Young Guns Club
Some cars are built for show-so much so they never go, except off and on a trailer, or maybe a few miles between a motel and a show field.

This car isn't one of them. Matt Gaisbacher's '73 'Cuda has plenty of eye appeal to cover the "show" angle, and its in-person and on-road appearance in the nation's best-known touring car show covers the "go" credentials.

E-Body enthusiasts have known all along about the '73's appeal, as that year marked an upturn in 'Cuda sales from 1972. Nearly 20,000 '73 'Cudas rolled off the line at Hamtramck Assembly, with 9,305 of them 340-powered 'Cudas, and 2,007 of those had manual transmissions. Matt's car is a late-production, original 340/four-speed, though when Matt acquired it, it was far from complete. "The car was halfway apart, and the guy I bought it from kept everything," Matt recalls from his Charleroi, Pennsylvania, home. Everything was there-except a straight and intact body. "It was a typical Pennsylvania car," he says of its "before" condition. "The floors were rusted, but none of the major structural stuff was damaged. The framerails were good, and the roof was good. The only reason I bought it was because the framerails were good, and the car came with the interior and all the trim."

Fortunately, a few decades of Pennsylvania weather hadn't devoured the 'Cuda's key structural members. Matt media-blasted the body after removing the rusted-out pieces, before he started welding on the new sheetmetal he sourced from YearOne.

"My father and I did all the bodywork ourselves. He helped me out a lot. We did everything for this car in-house, except for the engine and transmission."

Unlike many Mopar builders, Matt had a choice of engines when he bought his 'Cuda, though neither were in the car at the time. "I got two 340s with it-one had a '68 block, and the other had a '70 block," he says. Which engine did he choose? Neither one. "I read in one of your books about the low-deck 500-inch Wedge strokers, and I wanted to do something like that," says the Young Gun, who now had two extra bullets. As his father had a 451-inch stroker engine in his '64 Plymouth, Matt decided he wanted one of those. "Actually, a friend of ours, Romeo Furio, had an engine, and we traded off a little bit of paintwork for a 451 stroker that has Eagle rods and Ross pistons." Downstream is an 833 with a difference. "It's a Passon Performance A-833, with the Overdrive kit that they sell," Matt says of his pistol-grip-shifted gearbox that sports an Overdrive Fourth gear. "It's very nice to drive. I have 3.91s in the rear, and I figure that it gets about 18 miles a gallon, which is good for a big-block, at a steady 65 to 70 mph."

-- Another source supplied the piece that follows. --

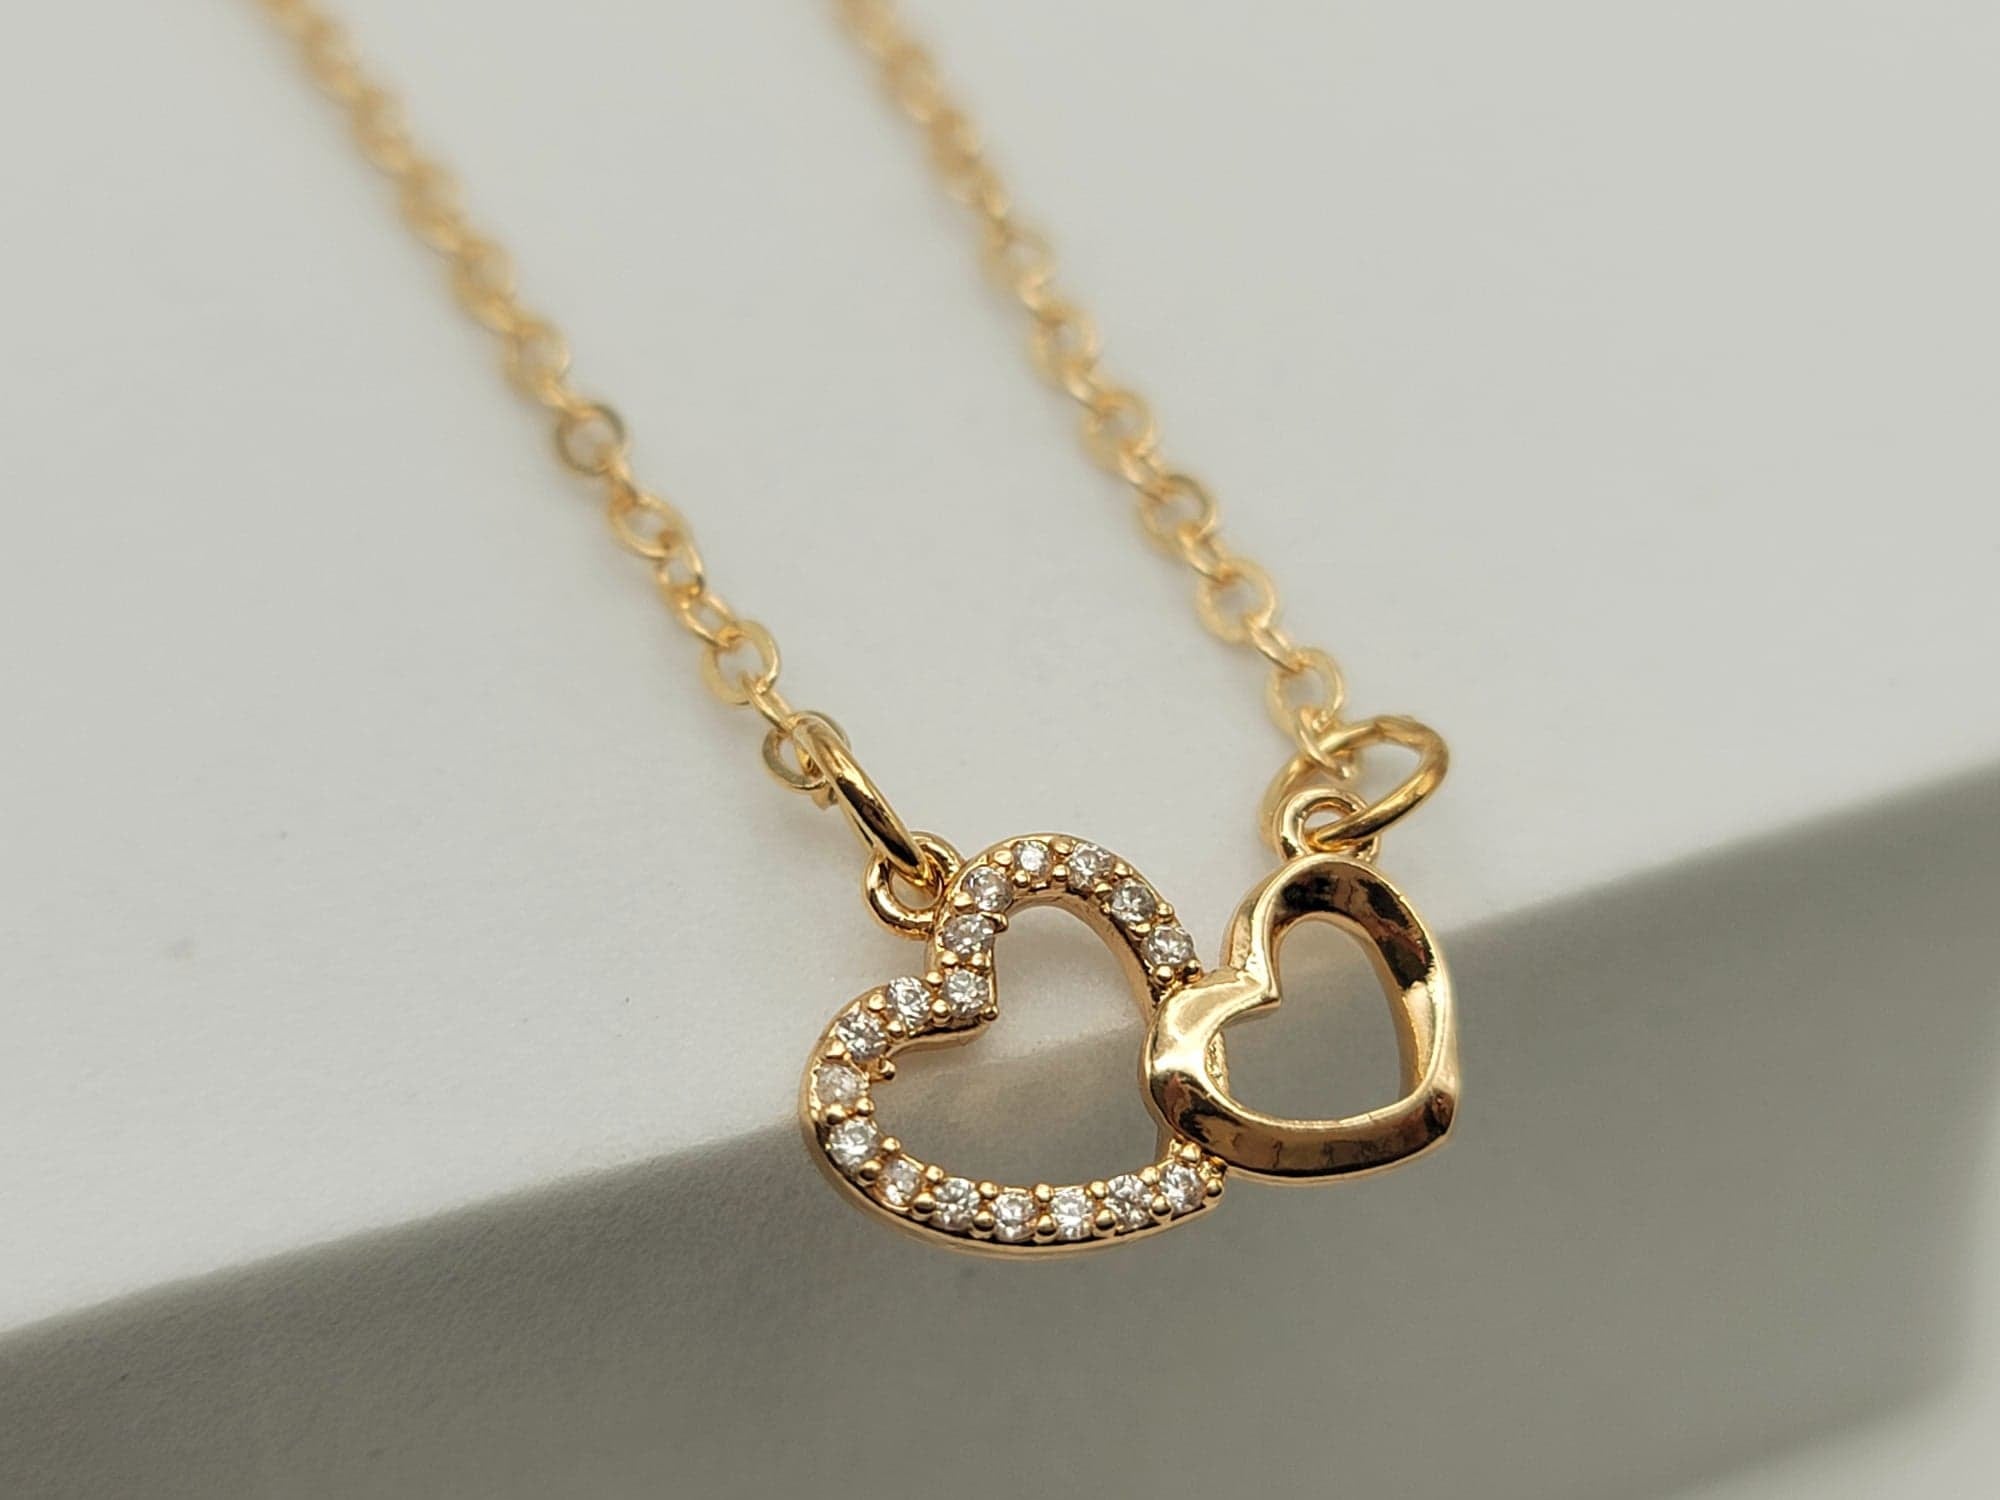 Buy Simple Double Heart Necklace, Dainty Heart Link Necklace
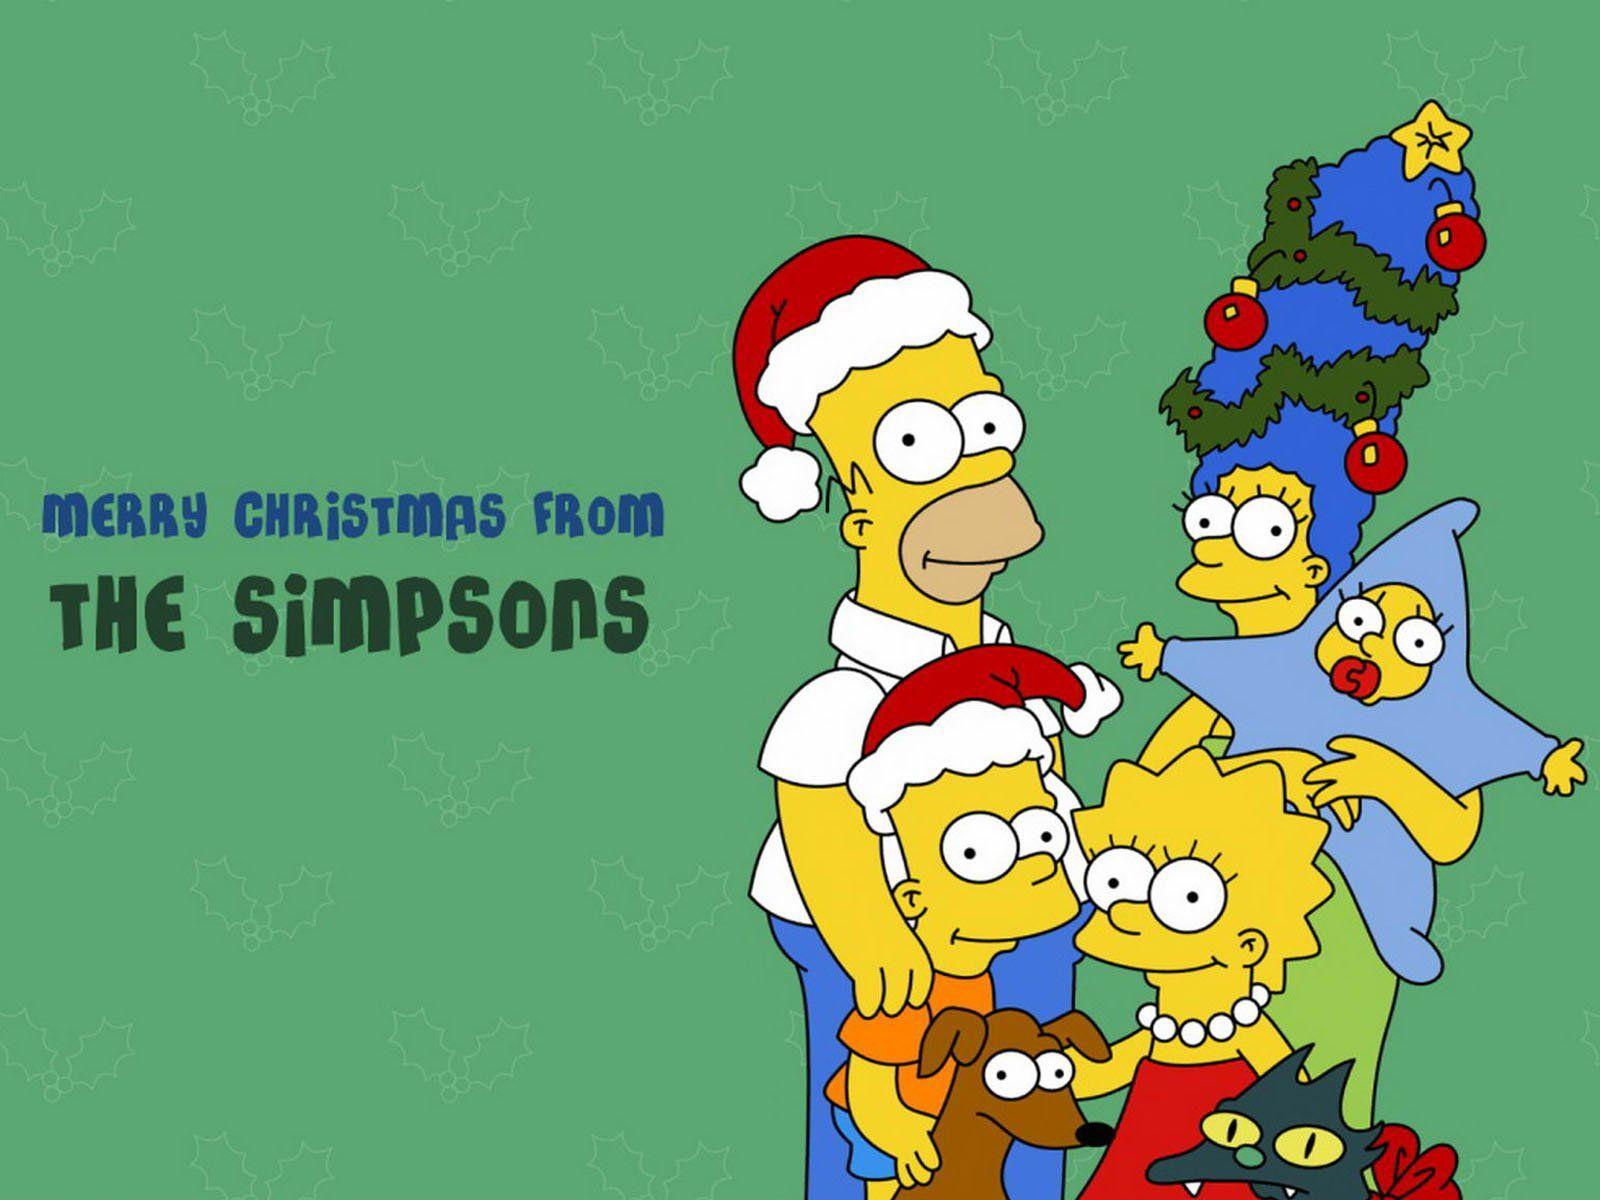 Merry Christmas from The Simpsons Wallpaper. The simpsons, Christmas wallpaper, Christmas cartoons

What sits above that 400-with-a-440-crank is something you've seen here not long ago ("E-Body Improv: Adding a Shaker Scoop to a Flat Hood," Mopar Muscle, Nov. '07). The Shaker scoop was supplied by Harm's Auto, and-as you saw in the tech article-Matt did the work himself. That also goes for his cure for the 'Cuda's dreaded cracked-and-broken grille. His solution? "Part of the barbed-wire fence by our house was broken, so I cut a piece out of it, then I cut it into shorter pieces to fit the grille openings."

Just like on the outside, the cabin of Matt's 'Cuda benefited from many YearOne and Legendary Auto Interiors parts, especially when it came to the seats and carpets. The Billet Specialties steering wheel, Redline Gauge Works gauges, Alpine sound system, and Crow Enterprizes seatbelts aren't period-correct, but would've been welcome additions if they had existed back then. Since all of the glass was either missing or needed to be replaced, JRD Glass, near Riverside, California, was contacted and was able to supply a complete set.